Georgia/OU (sucks and is losing to Texas so it’s irrelevant)/OSU all say they deserve a shot. It should be Georgia imo even if they lose. I think they jump OSU over them though.
In what world is a two loss conference runner-up more deserving than a 1 loss conference champion? Why even play the games if that is the case? UGA has to win to be in. Sorry, sometimes you actually have to win a game before just being handed something because "SEC!!". UGA has exactly two 'quality' wins, over Florida and Kentucky- the two most overrated teams in the country. They got smoked by the best team they've played this year, a 3 loss LSU team.

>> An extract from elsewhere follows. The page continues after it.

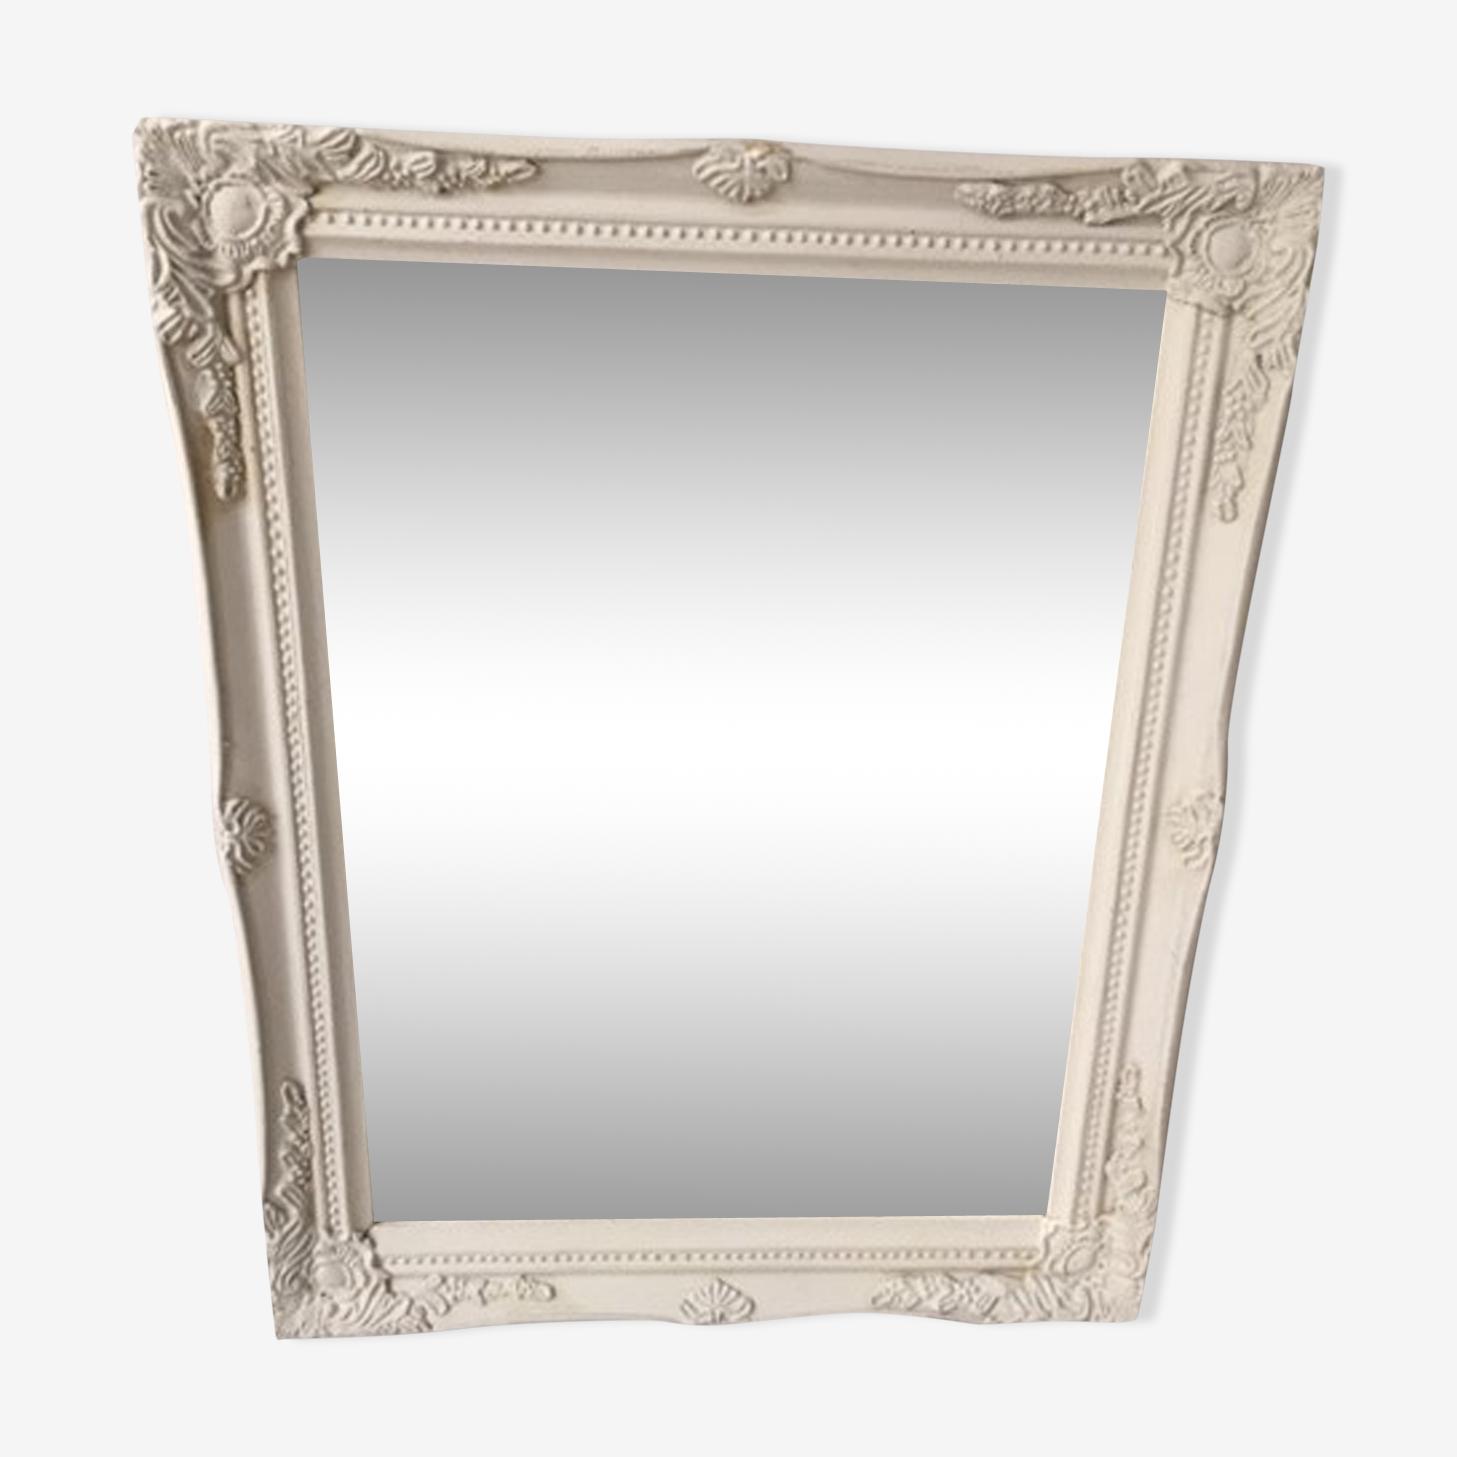 Rectangular mirror white wood 46x36cm

1 loss Bama vs 1 loss conference champions OU/OSU is a more interesting debate. The committee is supposed to value conference champions, and I can see the other conferences being up in arms if Bama is in over a one loss conference champion. Last year was different because OSU had two losses, including another embarrassing loss to a bad Iowa team. In 2015, OSU was left out because they lost the one game they couldn't afford to lose- to Sparty to keep them out of the conference championship game. That 2015 OSU team was the most talented in the country and the defending National Champion. They went on to smoke Michigan the following week and obliterated ND in the Fiesta Bowl, but were left out of the playoff because they lost the one game they could not afford to. Same could happen to Bama. In fact, the 538 CFP prediction tool (which admittedly is not great and is often wrong as it had Bama @ 40% last year and OSU @ 60% heading into the final rankings last year) has a Bama loss dropping their chances to 23%. OSU and Oklahoma winning drops that even further to 15%.

For the record, a UGA loss drops their chances to 3%. OSU/OU winning drops UGA's chances to less than 1%.

https://projects.fivethirtyeight.com/2018-college-football-predictions/
 

Was (Not Wasdin)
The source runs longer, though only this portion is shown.